郭美吉不知道他一般幾點離開,只知道他從病房出去後會繼續在走廊椅子上坐著,郭美吉便猜想他略坐一會兒大約就走了,直到有一次次唐志明半夜出去接電話,回來後告訴她賀總還在外面。郭美吉心中震驚,第二天特意去問值班護士,這才知道賀總每天都在走廊待到後半夜,有幾次離開時天都快亮了……
他做到這個地步讓唐志明和郭美吉感覺很不解,同時又很有壓力,他們試探著跟他溝通過,可賀蕭卻說,「現在最重要的是唐果,其他的等她醒了再說。」
這話直接戳中夫妻倆的軟肋。是啊,現下唐果能醒來才是最重要的,既然有相對好的醫療資源和條件,他們又何必過多糾結?一切等唐果醒過來再說吧。
然而即便找來全商陽最好的醫療團隊,賀蕭甚至從全國各地請來相關領域的知名專家,也未查出唐果昏迷的真實原因,她身體毫無病變,與其說是昏迷,倒不如說是在沉睡,極深度的沉睡。
思緒及此,郭美吉猛地想起她還沒通知醫生過來查看,趕緊起身摁響呼叫器。
醫生隨即趕過來對唐果進行了一系列檢查,又給她安排了腦部CT之類,唐果知道自己身體其實壓根沒事,可看到郭美吉緊張的樣子,便乖乖聽從安排。
一番周章下來,郭美吉親自跟著護士去取診斷結果,病房裡轉瞬就只剩下唐果和賀蕭兩個人。
一時間病房安靜下來,連窗外偶然一聲鳥鳴都顯得突兀,唐果轉眸刻意追隨小鳥的身影,以此排解心底的緊張和慌亂。
而令她產生這種心緒的男人此時正直直看著她。
賀蕭相貌變化不大,只是英挺俊朗的外形多了份成熟內斂,與記憶中那個有些憨直的少年迥然不同,而過去他也絕不會用這種眼神看著她,直白的注視,袒露著他壓抑多年的心。

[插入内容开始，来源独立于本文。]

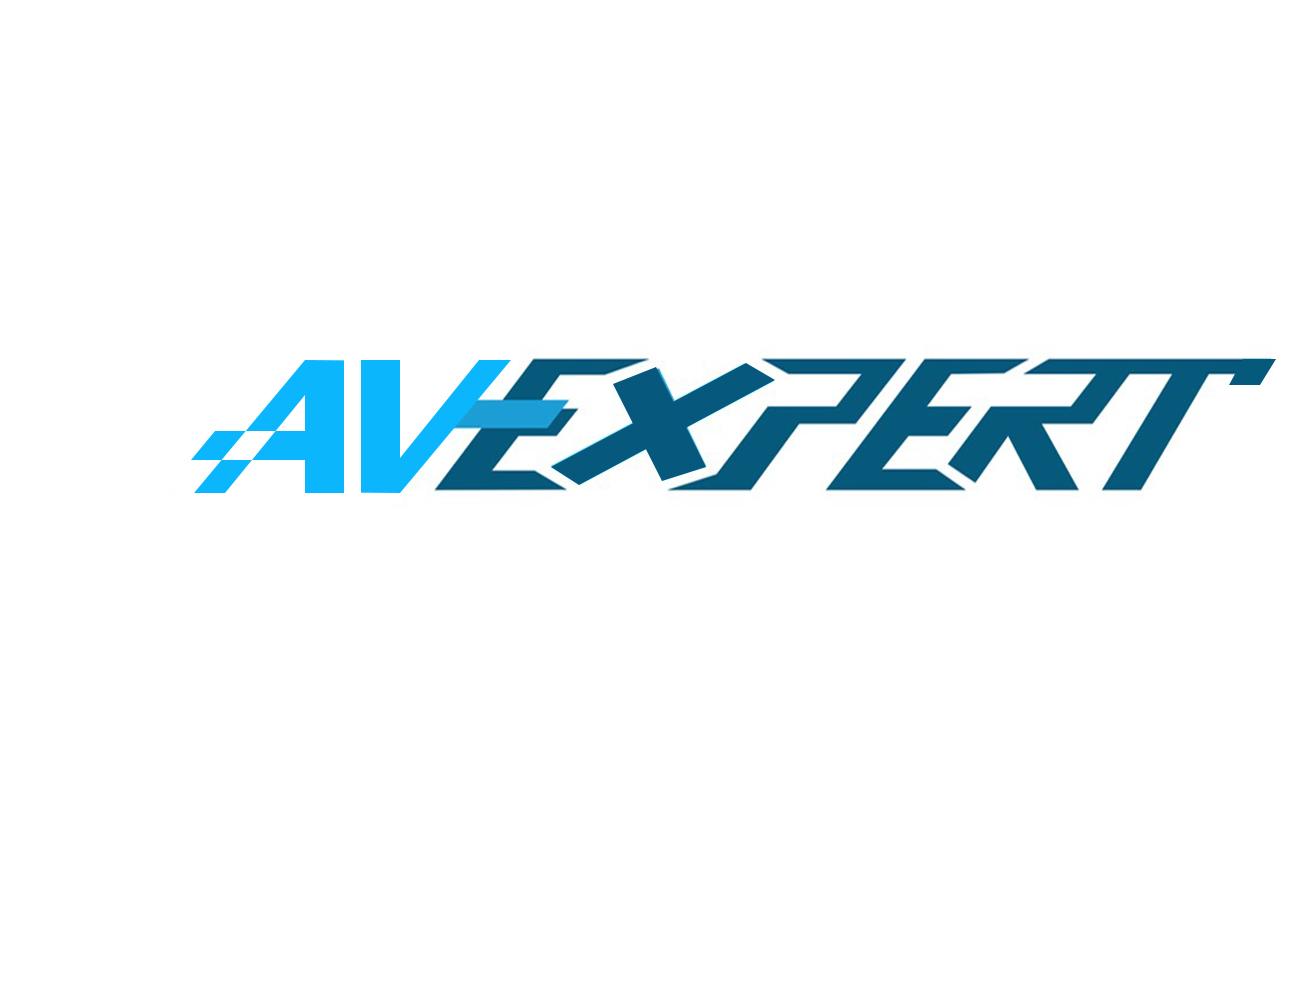 Создание логотипа, фирстиля фото f_3615c622b8527817.jpg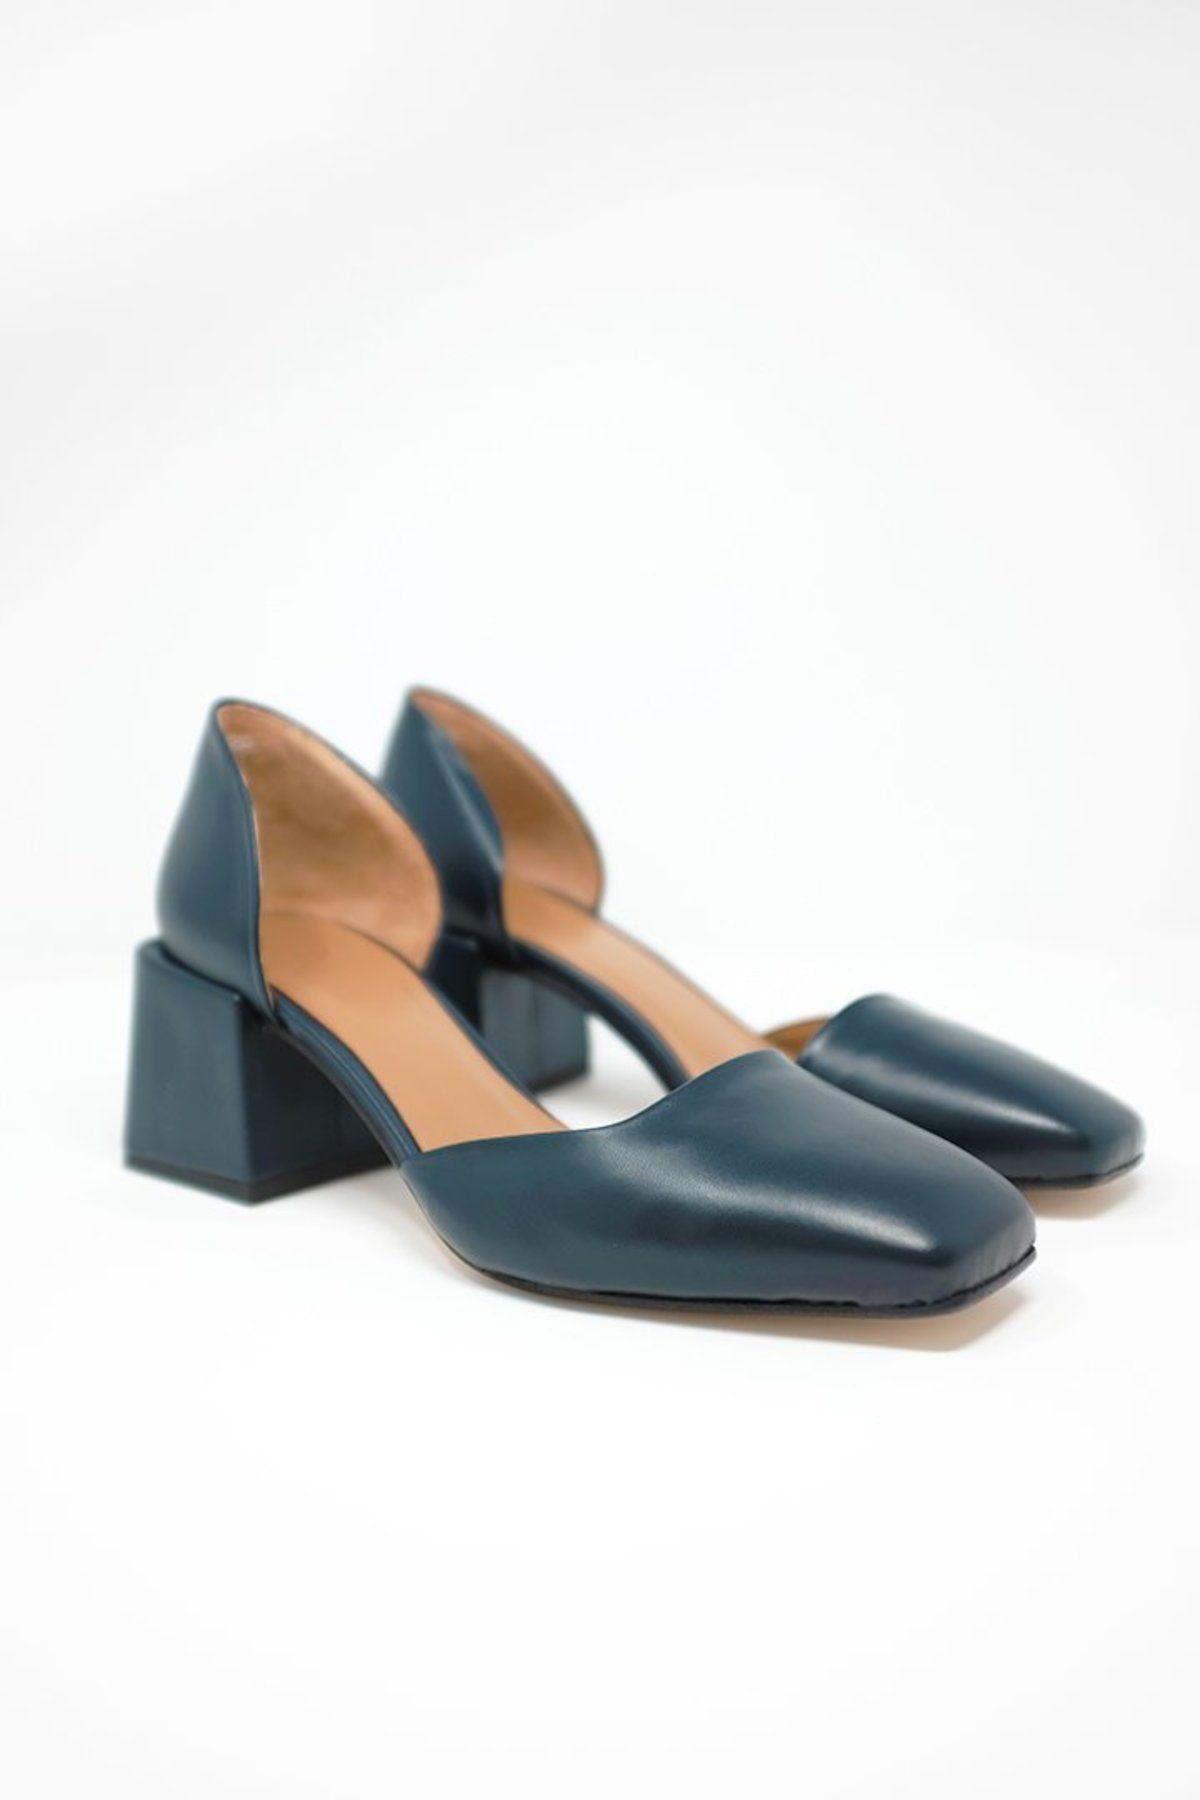 Rich's Vintage Daisy Tan Heels Size 7.5 N

似是受不了這樣的眼神,唐果嘆了口氣,輕聲問,「看這麼久,是怕認錯人嗎?」
就是這句話,令賀蕭雙肩瞬間松垮下來,他整個人破防似的低下頭去,呼吸變得顫抖。
過去,她習慣用這種語氣跟他說話,連尾音的上揚都絲毫沒有變化。她喜歡指點他,逗弄他,總是把他懟得啞口無言,甚至抓狂,可是偏偏每一次他還總是找虐一樣喜歡跟她抬槓。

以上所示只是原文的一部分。